They were also told that the experiment was not to be regarded as an alternative to any medical or other treatment and informed about the FORUM, a free and anonymous point of exchange of ideas to be used to analyse participants’ responses [39], enabling participants to write their feelings anonymously, their issues as well as their remarks and questions. Before starting the experience, candidates had to read and sign the protocol. Once the study is over, they have to bring back the sensors to INSEAD and so getting a financial compensation for their effort during this trial (Figure 6)

Figure 6. The description of the experimentation protocol

  1. Subjects

Before recruitment began, the intention was to have a population similar to the French population described by the INSEE; 23 men and 22 women. However, recruiting people depends on their flexibility, motivation, availability and eligibility.  The trial duration was 4 to 5 months during which 53 participants took part wearing the devices for 15 days each. Candidates were from different socio-professional categories, different levels of study and age category. In this section, some statistical results of the population are presented and participant feedback.

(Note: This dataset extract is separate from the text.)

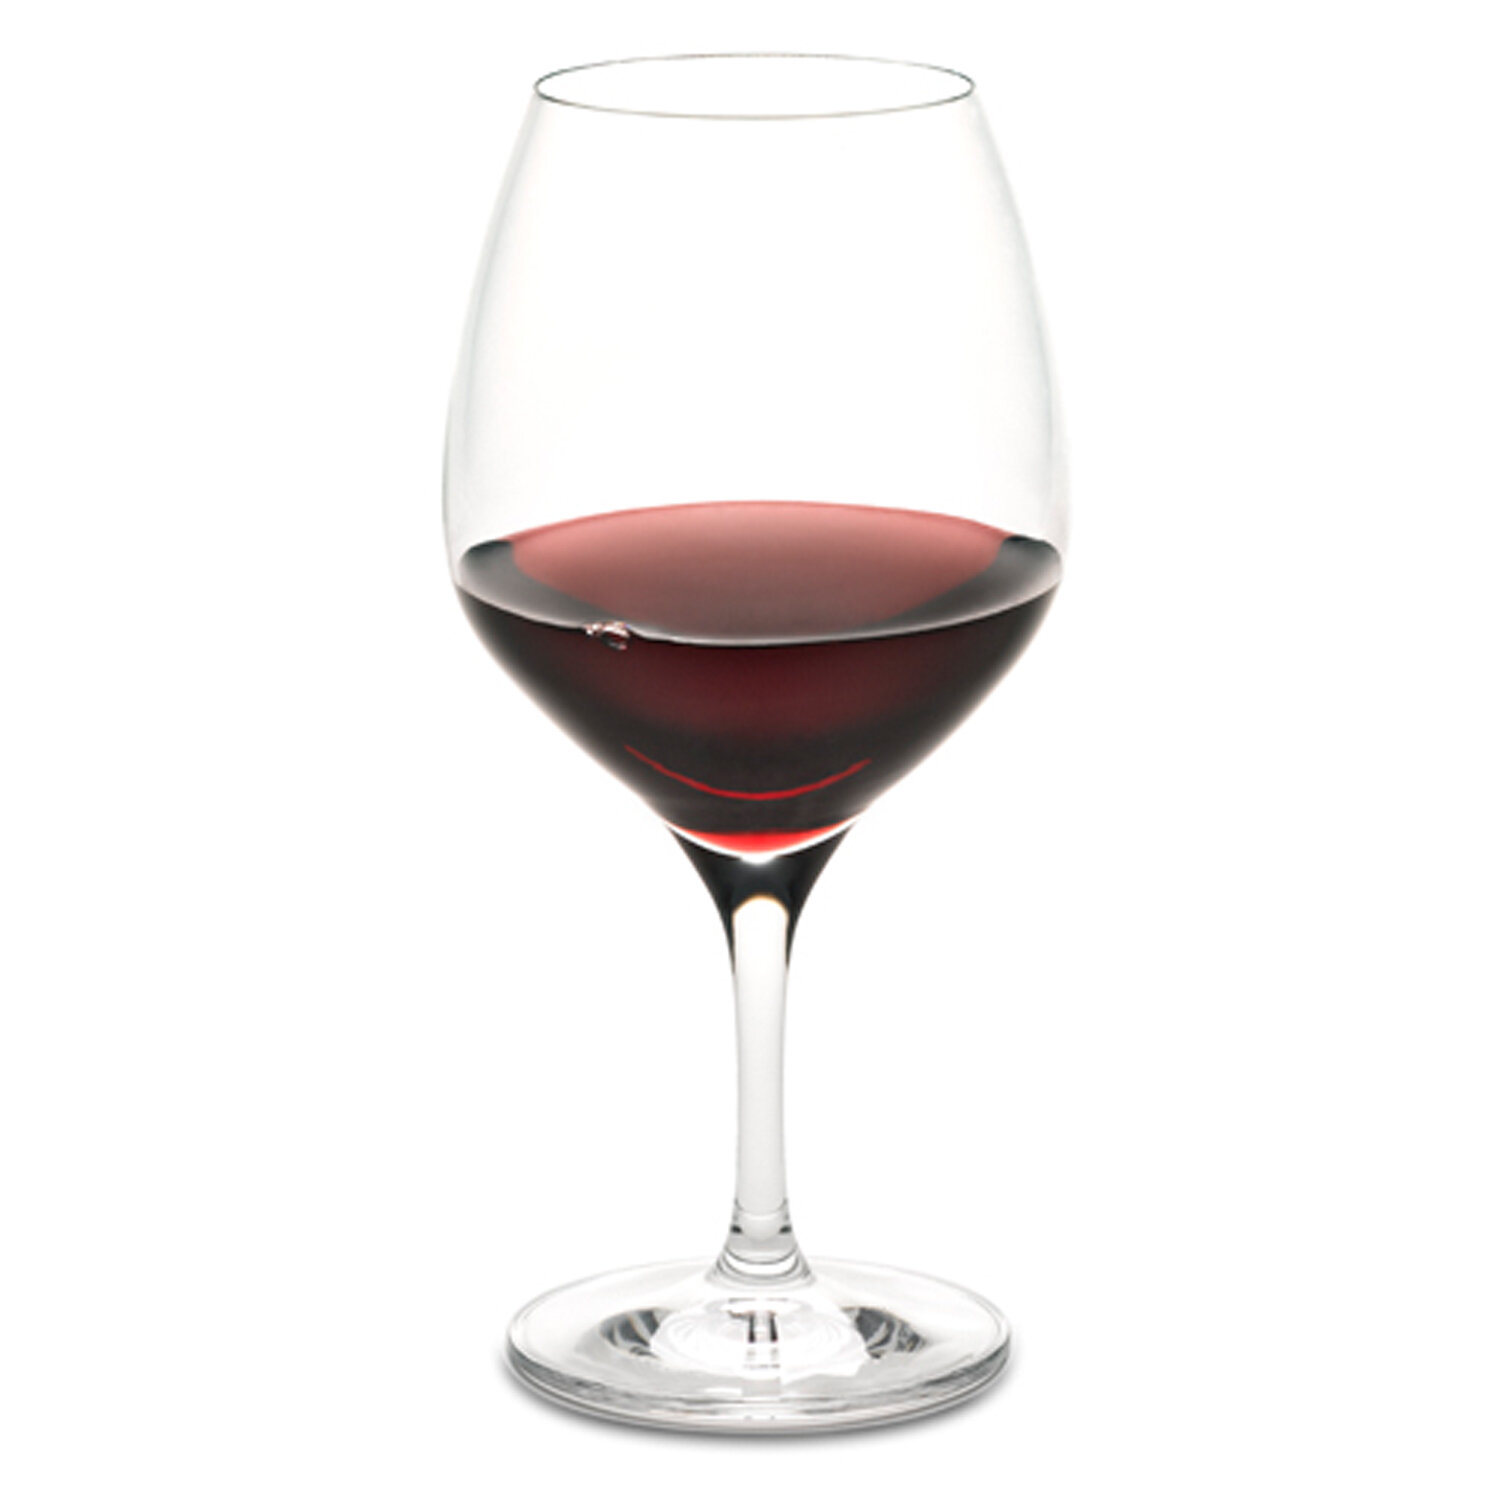 Spiegelau Definition Universal Wine Glasses Set of 2 - 19 Ounces

As the graph shows (Figure 7) almost 40% of our population are healthy people with no cardiovascular disease who are aged over 40 years. Recruiting men for this study was not a simple task.

Fig. 7.   Age Categories

The final population is composed of ¾ women and ¼ men. Obtaining certain variables during sensor initialisation enabled the comparison of the participants’ measurements.  The Body Mass Index (BMI) is calculated as follows: BMI = mass / height^2. The interpretation is as follows:

  • If BMI <= 18.5 : the participant is in underweight area
  • 18.5 <BMI <= 25 : the participant is in a normal weight area
  • 25 <BMI <= 30  : the participant is overweight
  • 30 <BMI <= 35  : the participant is in a moderate obesity area
  • 35 <BMI <= 40  : the participant is in a severe obesity area
  • 40 <IMC  : the participant is in an obesity morbid area

57% of participants have a normal weight with only 4% having morbid obesity (see Figure 8). 31% is the wear time validation for less than 40% of participants. This shows that participants were motivated to carry out the experiment

Fig. 8. Obesity Level

6. HRV and calibration phase

Heart rate variability is highly used for emotions analysis like anxiety, fear and specially stress. In fact, the HRV is described by several parameters and biomarkers. There are features that are calculated in the statistical domain, time serial domain and others are in the frequency domain. One powerful biomarkers for stress detection based on HRV analysis is the LF/HF ratio (Low frequency/ High frequency).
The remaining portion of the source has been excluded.